I think that M0rkHaV has the right idea. Scikit-learn's pipeline class is a useful tool for encapsulating multiple different transformers alongside an estimator into one object, so that you only have to call your important methods once (fit()
, predict()
, etc). Let's break down the two major components:
Transformers are classes that implement both fit()
and transform()
. You might be familiar with some of the sklearn preprocessing tools, like TfidfVectorizer
and Binarizer
. If you look at the docs for these preprocessing tools, you'll see that they implement both of these methods. What I find pretty cool is that some estimators can also be used as transformation steps, e.g. LinearSVC
!
Estimators are classes that implement both fit()
and predict()
. You'll find that many of the classifiers and regression models implement both these methods, and as such you can readily test many different models. It is possible to use another transformer as the final estimator (i.e., it doesn't necessarily implement predict()
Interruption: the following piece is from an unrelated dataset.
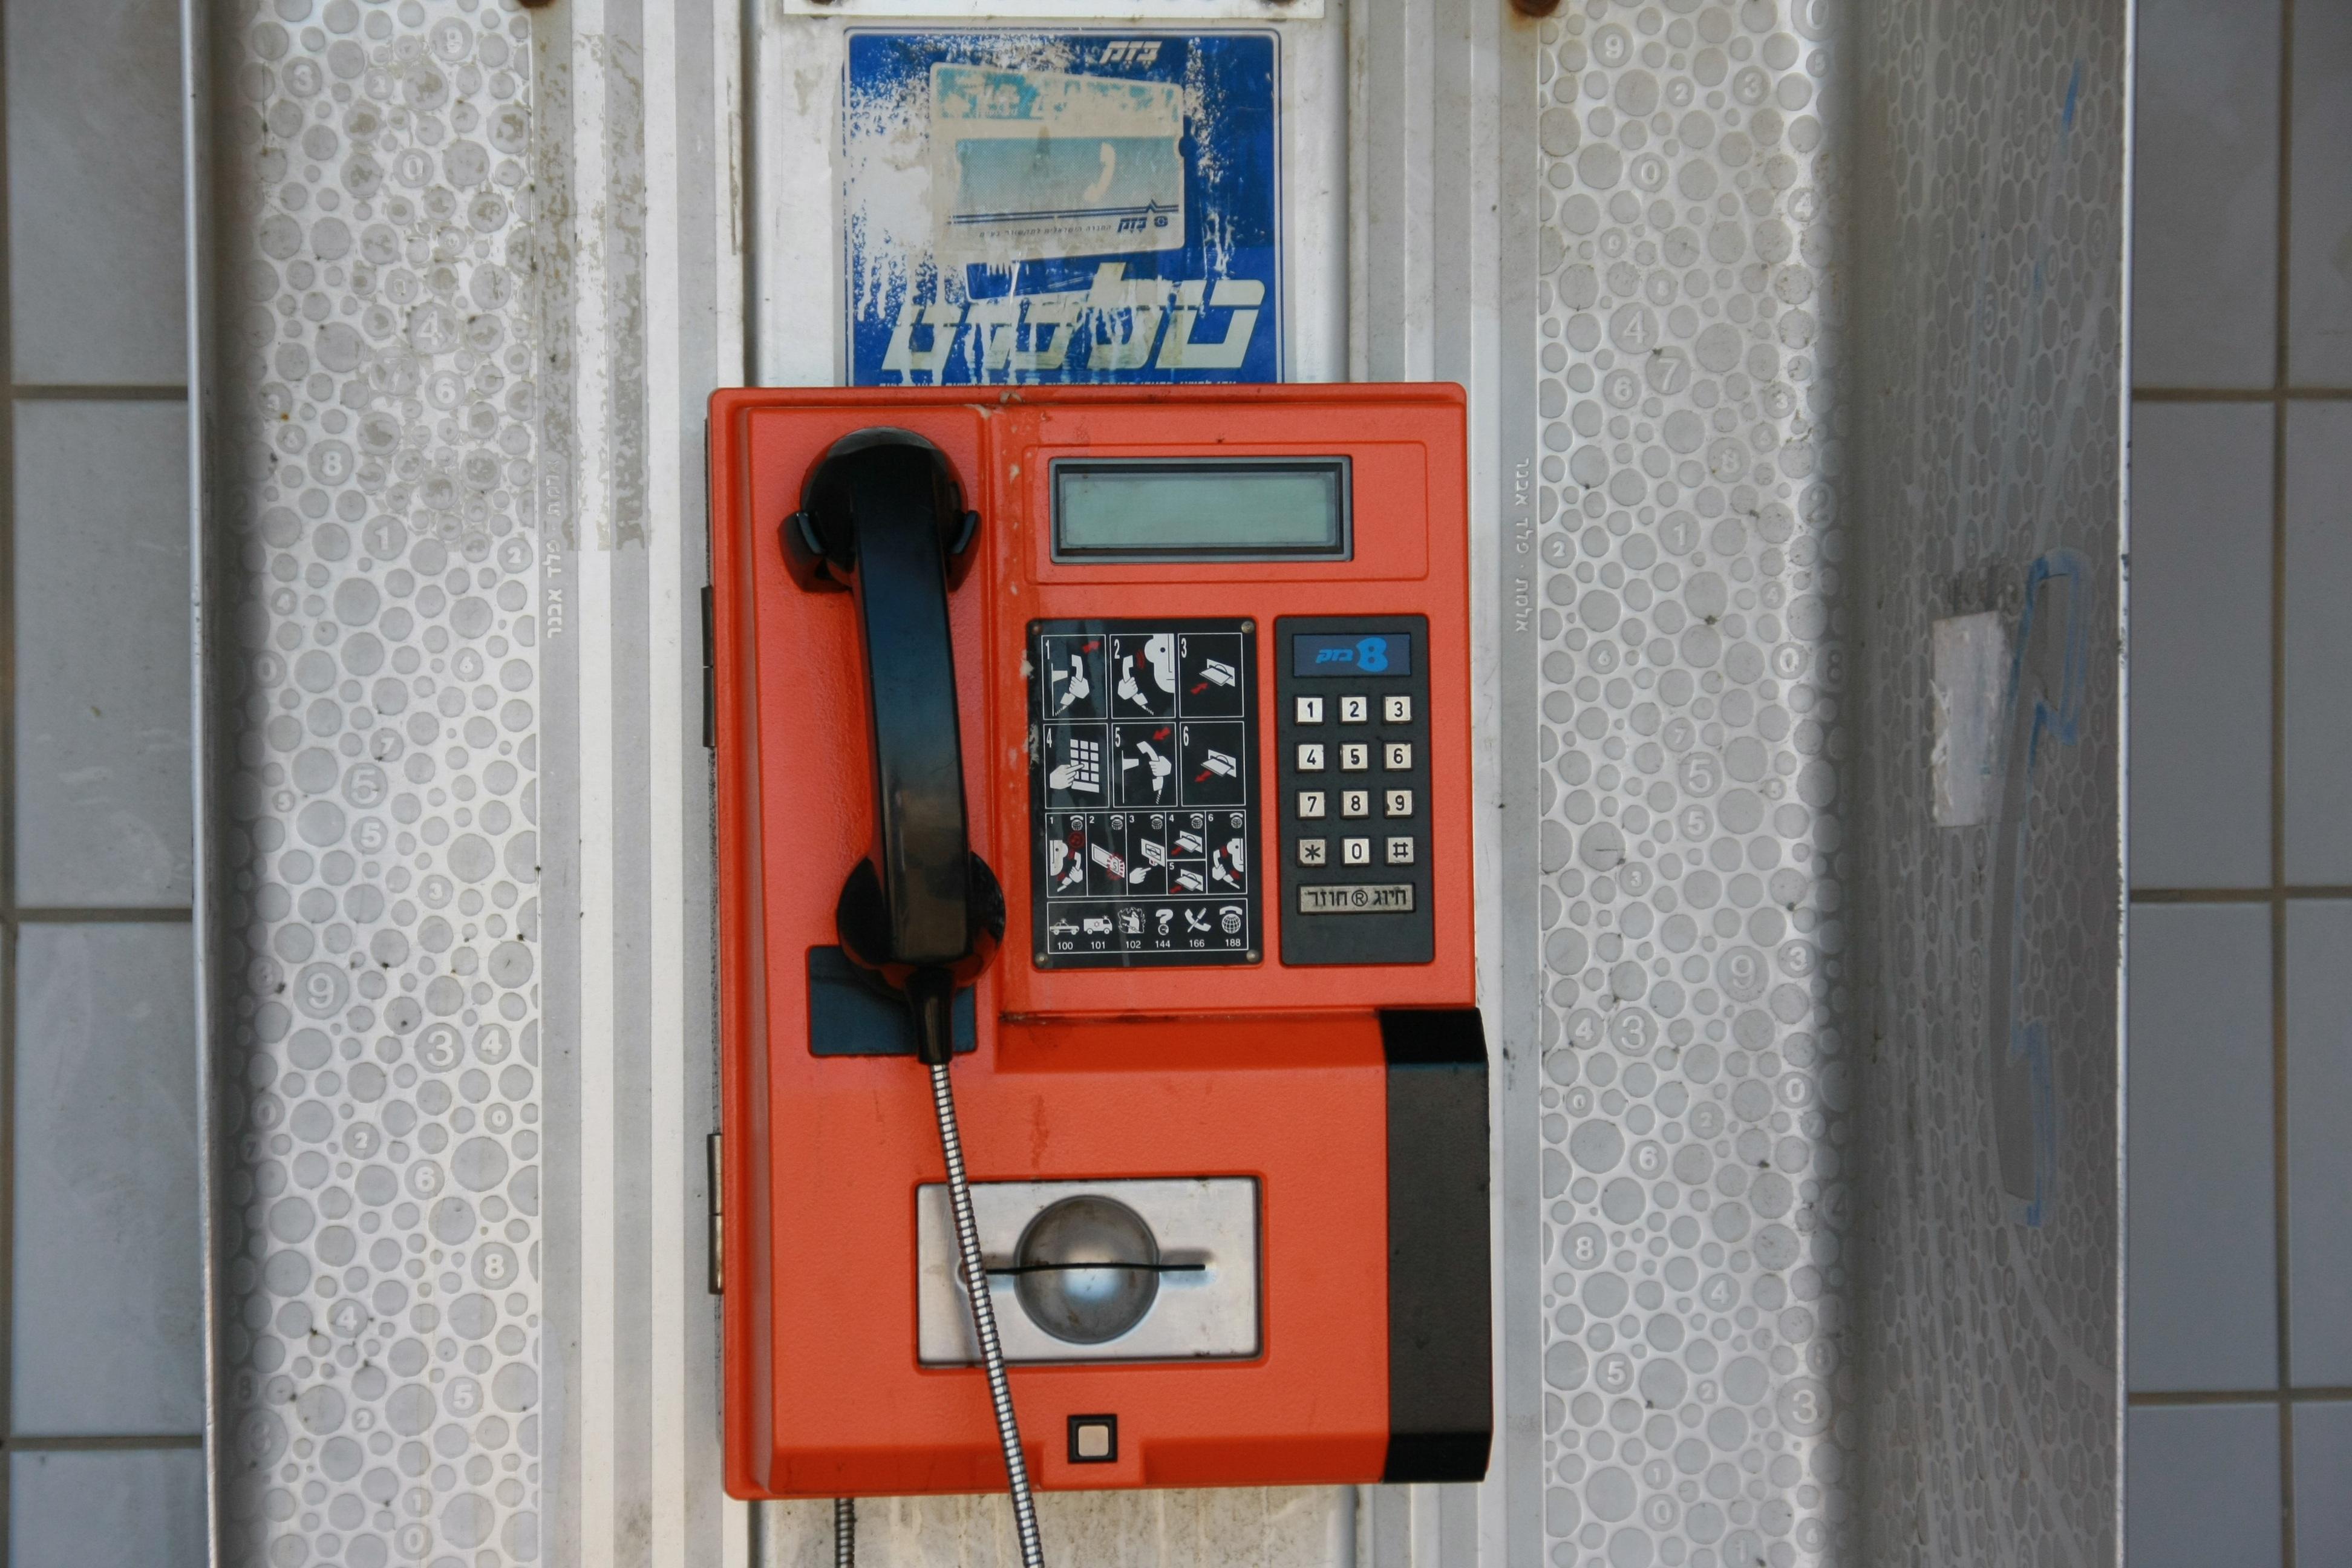 уличный телефон картинки различные варианты

, but definitely implements fit()
). All this means is that you wouldn't be able to call predict()
.
As for your edit: let's go through a text-based example. Using LabelBinarizer, we want to turn a list of labels into a list of binary values.
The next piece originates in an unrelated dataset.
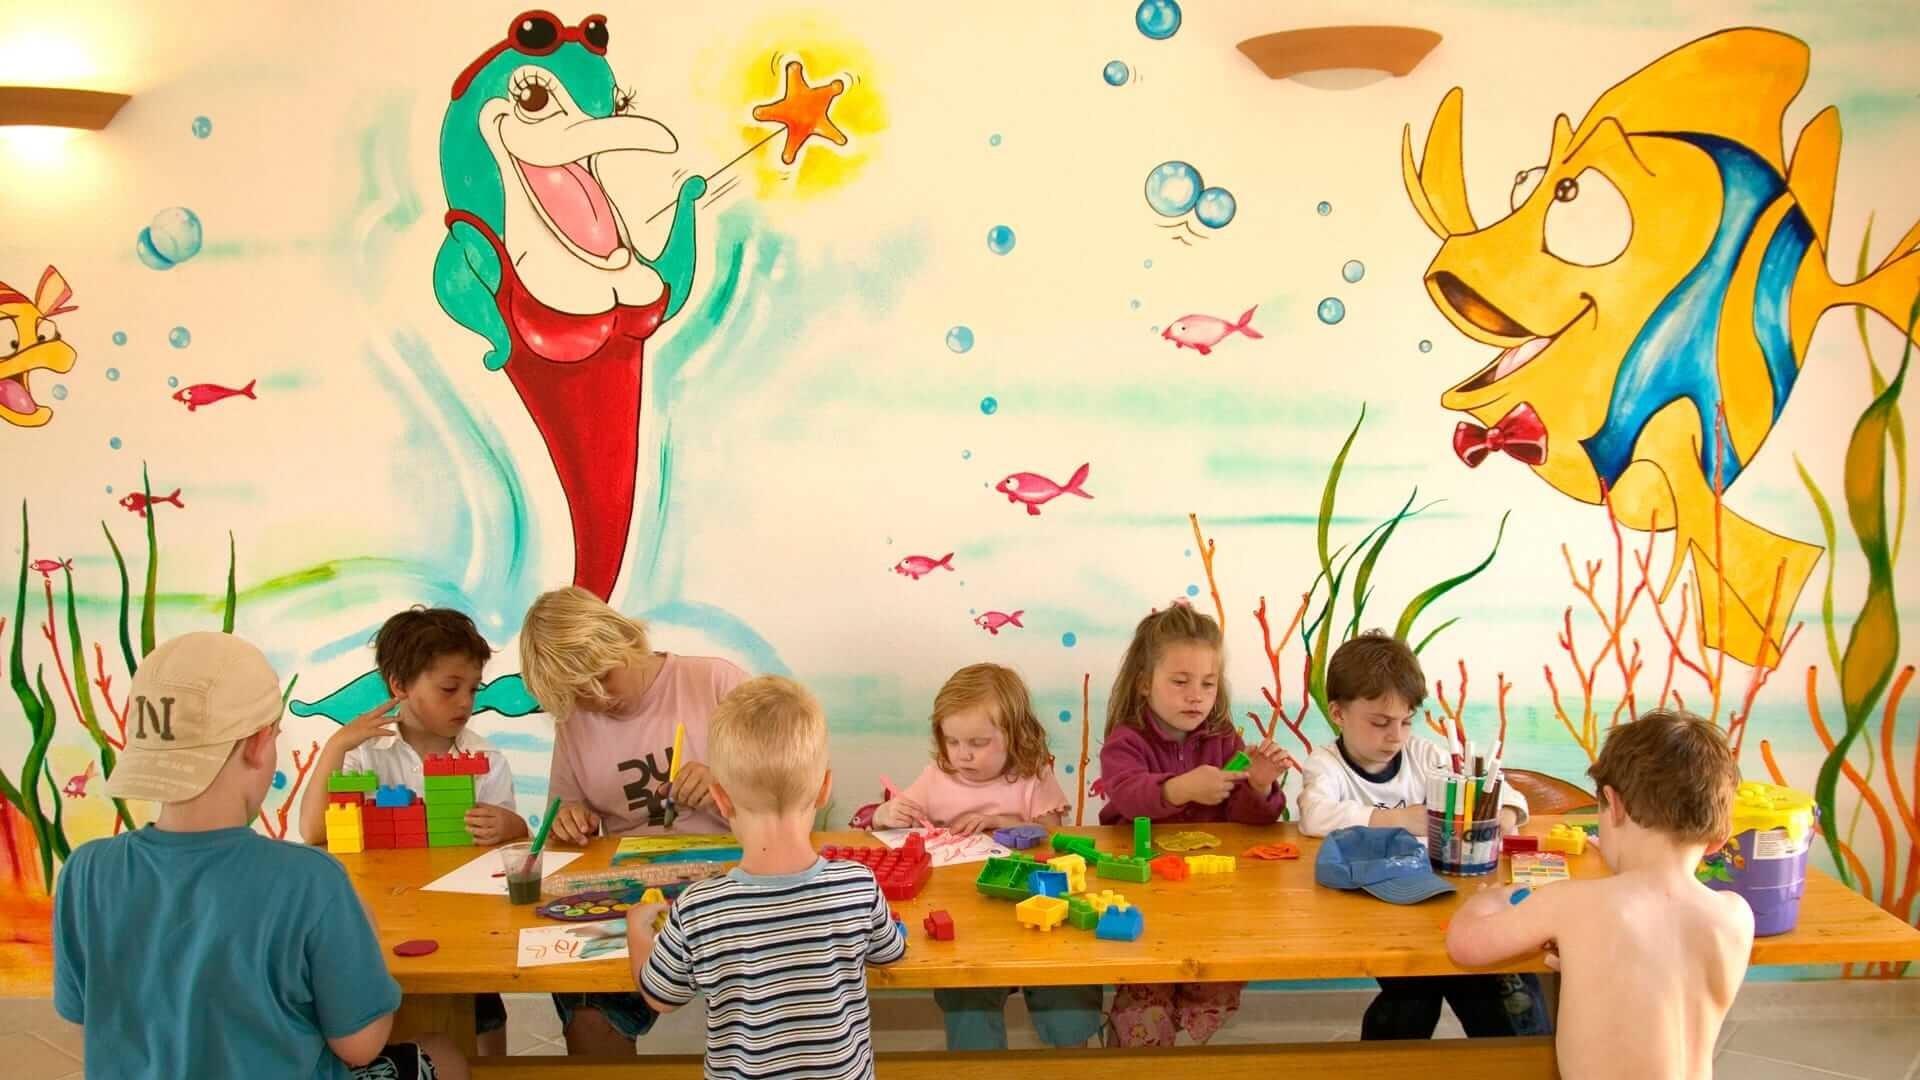 School Kids Wallpapers - Wallpaper Cave

bin = LabelBinarizer() #first we initialize
vec = ['cat', 'dog', 'dog', 'dog'] #we have our label list we want binarized
Now, when the binarizer is fitted on some data, it will have a structure called classes_
that contains the unique classes that the transformer 'knows' about. Without calling fit()
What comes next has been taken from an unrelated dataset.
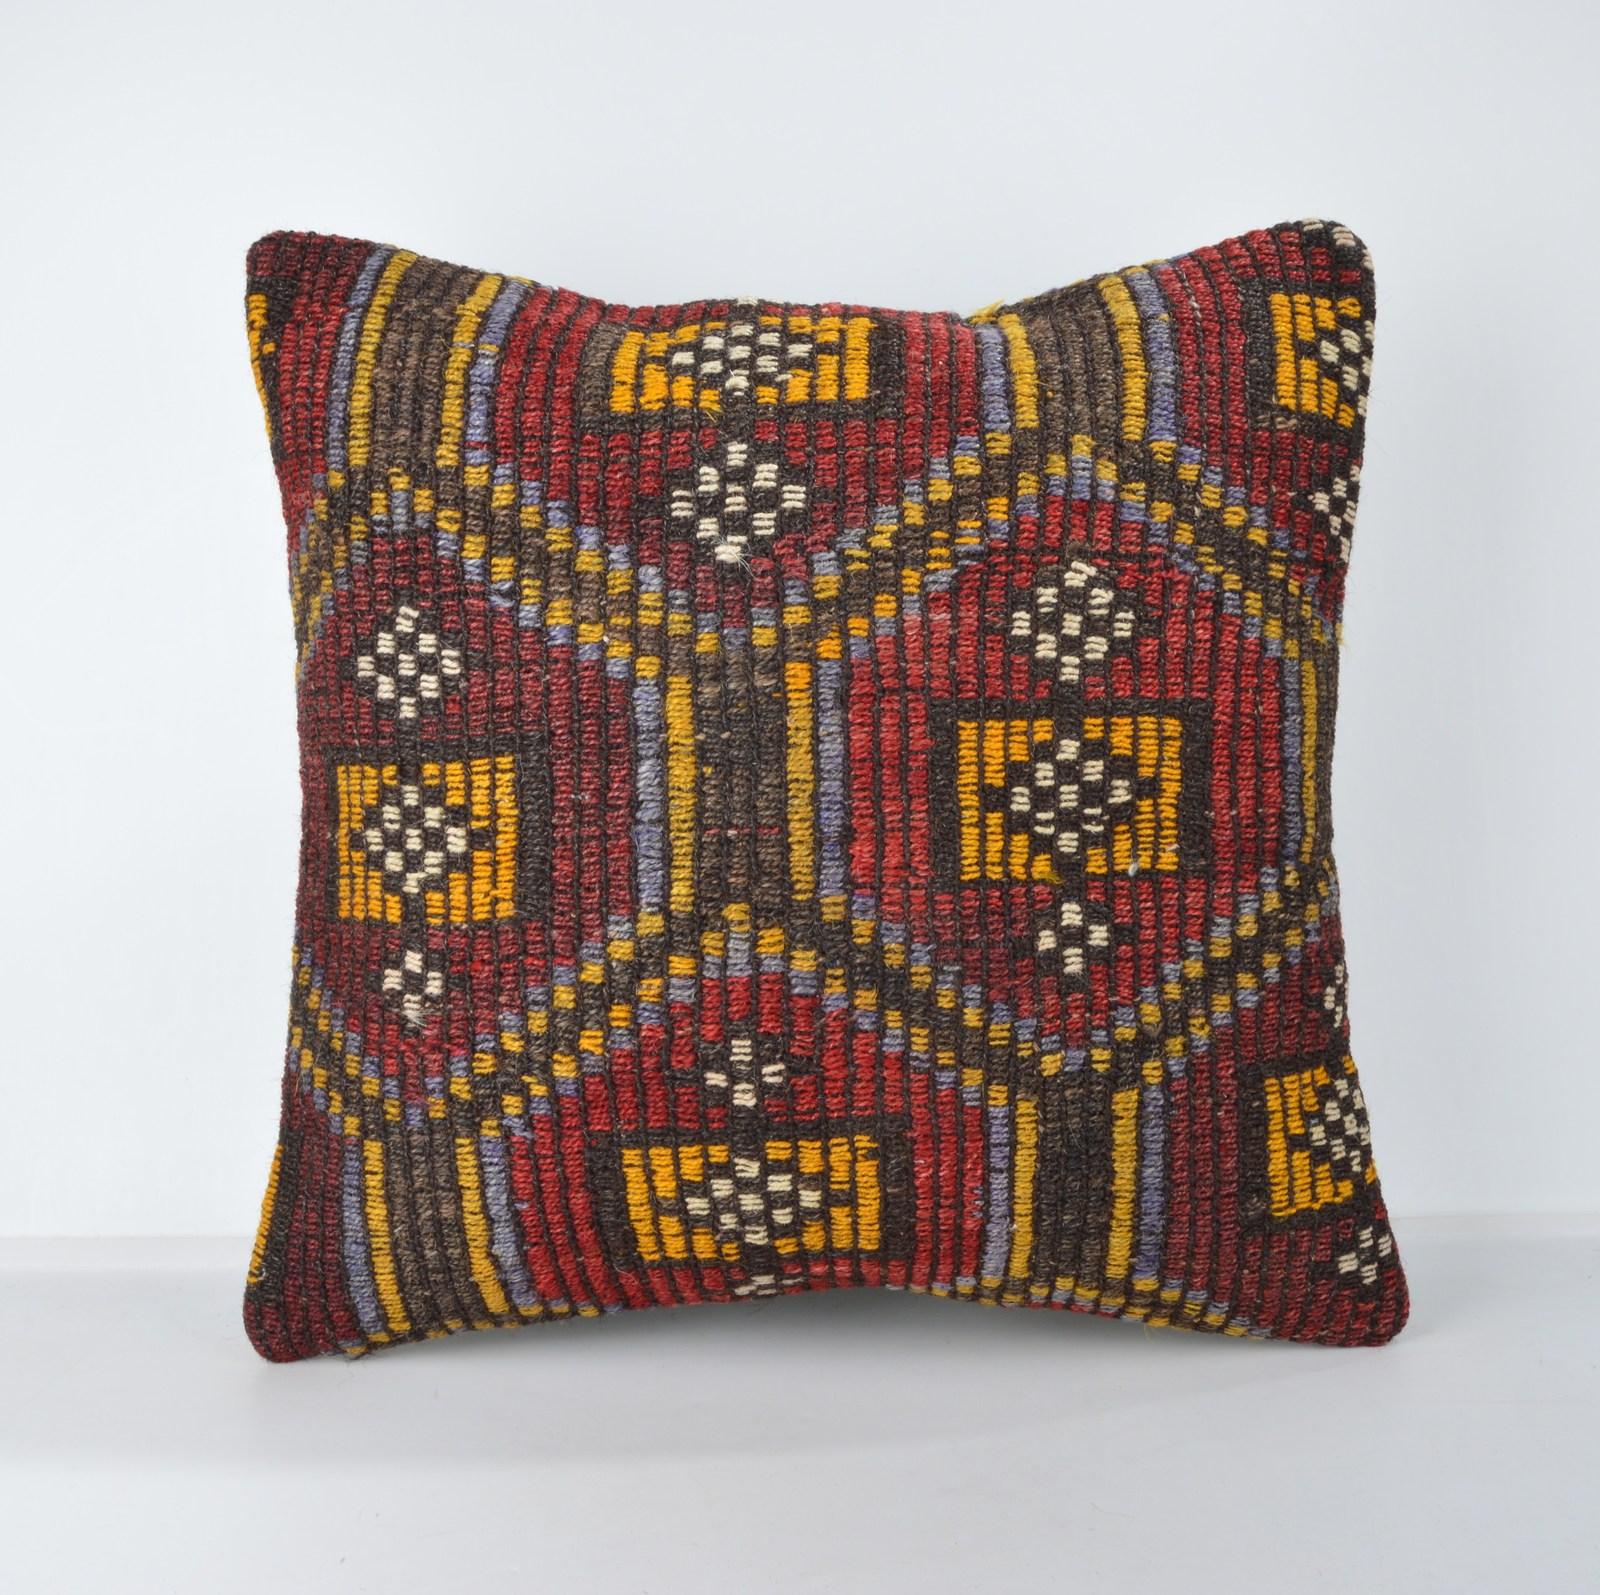 handmade cushion antique pillow  decorative throw pillow antique cushion 45X45 - $55.00

the binarizer has no idea what the data looks like, so calling transform()
wouldn't make any sense. This is true if you print out the list of classes before trying to fit the data.
print bin.classes_
I get the following error when trying this:
AttributeError: 'LabelBinarizer' object has no attribute 'classes_'
But when you fit the binarizer on the vec
list:
bin.fit(vec)
and try again
print bin.classes_
I get the following:
['cat' 'dog']
print bin.transform(vec)
And now, after calling transform on the vec
object, we get the following:
[[0]
[1]
[1]
[1]]
As for estimators being used as transformers, let us use the DecisionTree
classifier as an example of a feature-extractor. Decision Trees are great for a lot of reasons, but for our purposes, what's important is that they have the ability to rank features that the tree found useful for predicting. When you call transform()
on a Decision Tree, it will take your input data and find what it thinks are the most important features. So you can think of it transforming your data matrix (n rows by m columns) into a smaller matrix (n rows by k columns), where the k columns are the k most important features that the Decision Tree found.